Clinical Management of Pediatric COVID-19: An International Perspective and Practical Guide provides the most current international research and clinical characteristics of pediatric patients with SARS-CoV-2 infection. Coverage ranges from epidemiology including origin, route of transmission, incubation period, mortality and susceptibility risk factors; to pathogenesis, including difference between the adult and pediatric populations. Diagnosis is covered with special attention to the difference between adult and pediatric patients as well as the differences between newborns, children and adolescents. The book presents current complications, including multisystemic inflammatory syndrome as well as treatment therapies including antiviral and immunomodulatory therapies for this age group.
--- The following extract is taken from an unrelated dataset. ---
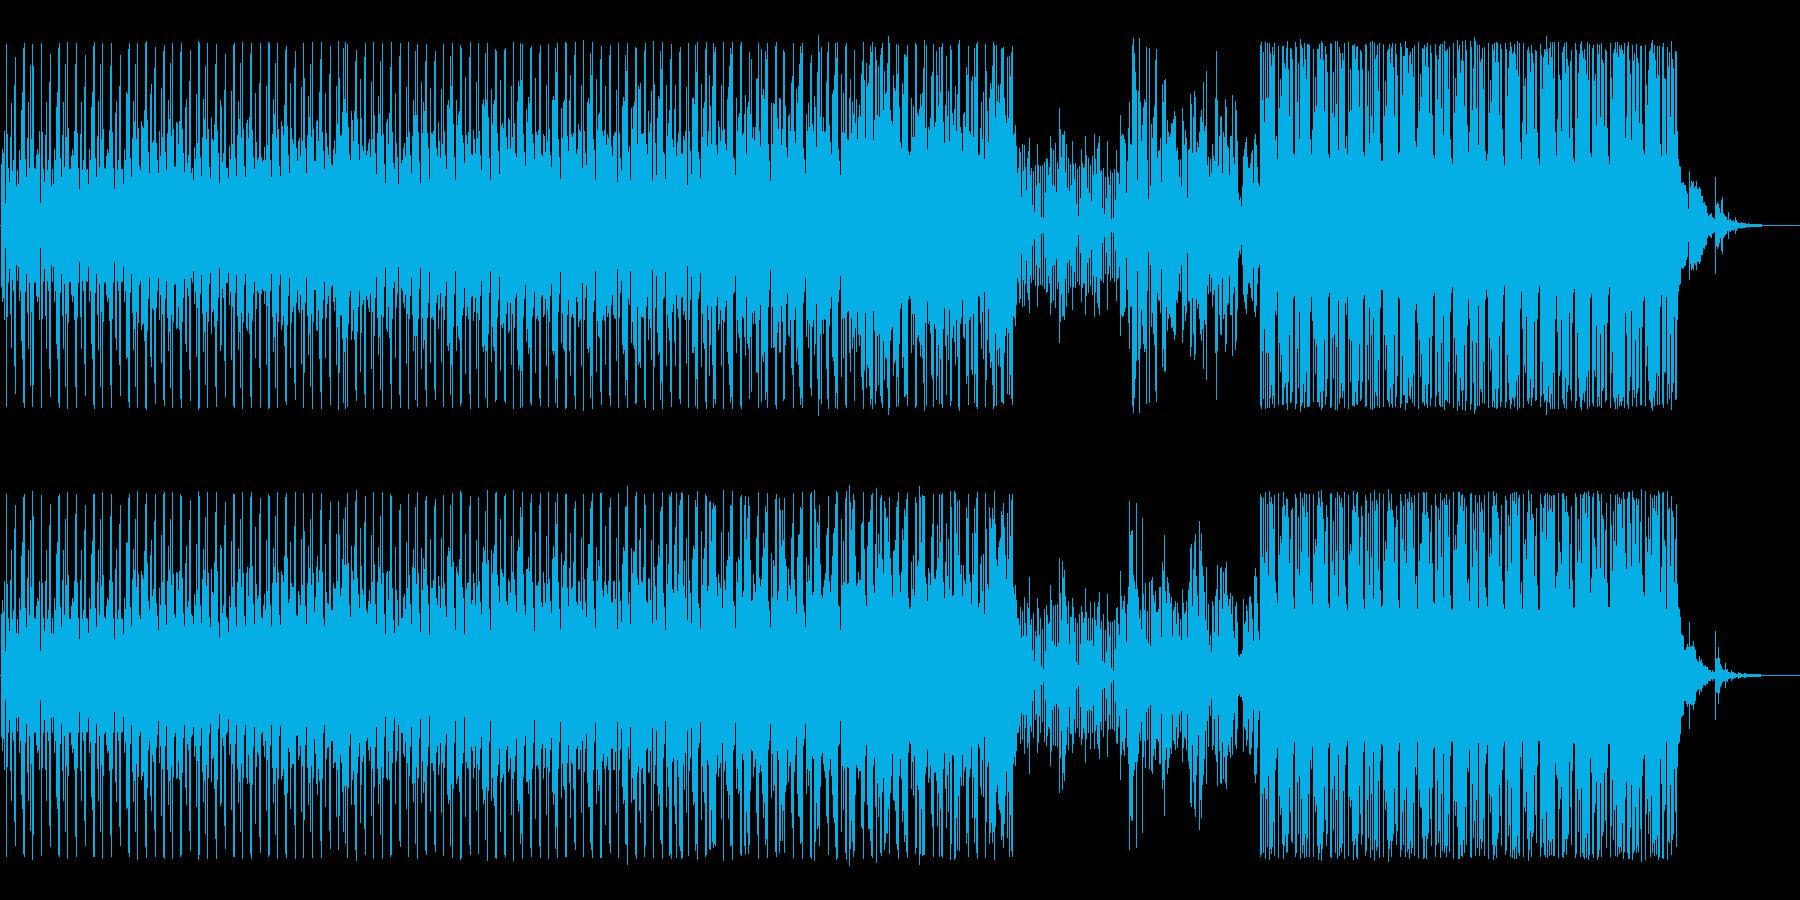 焦りを催す不気味で不穏なエレクトロニカの再生済みの波形

Finally, immunization efficacy and safety are examined. This is the perfect reference to provide guidance to pediatricians on the diagnosis and treatment of SARS-CoV-2, as well as a valuable source of the latest research about the pediatric population for further study.

• Provides the latest findings on the clinical characteristics of pediatric patients with SARS-CoV-2 infection
• Elucidates the differences between pediatric COVID-19 and its adult counterpart, outlining the correct clinical course for infants, children and adolescents
• Covers both recent clinical practice as well as current research specific to the pediatric population

• Language: English
• Publisher: Academic Press
• Release date: Jan 13, 2023
• ISBN: 9780323950602

Book preview

Preface

By the time I am editing this book, it has already been more than 2years since the outbreak of COVID-19. The pandemic has not ended, and new variants continue to emerge. A large body of studies has been done—from virology and epidemiological research to therapeutics. We have learned that the elderly and those with certain comorbidities are at high risk of SARS-CoV-2 infection and morbidity. We have also learned that the underage has a milder clinical course compared to adults. Consequently, we should ask ourselves, are pediatrics with COVID-19 overlooked because children are generally believed to fare better?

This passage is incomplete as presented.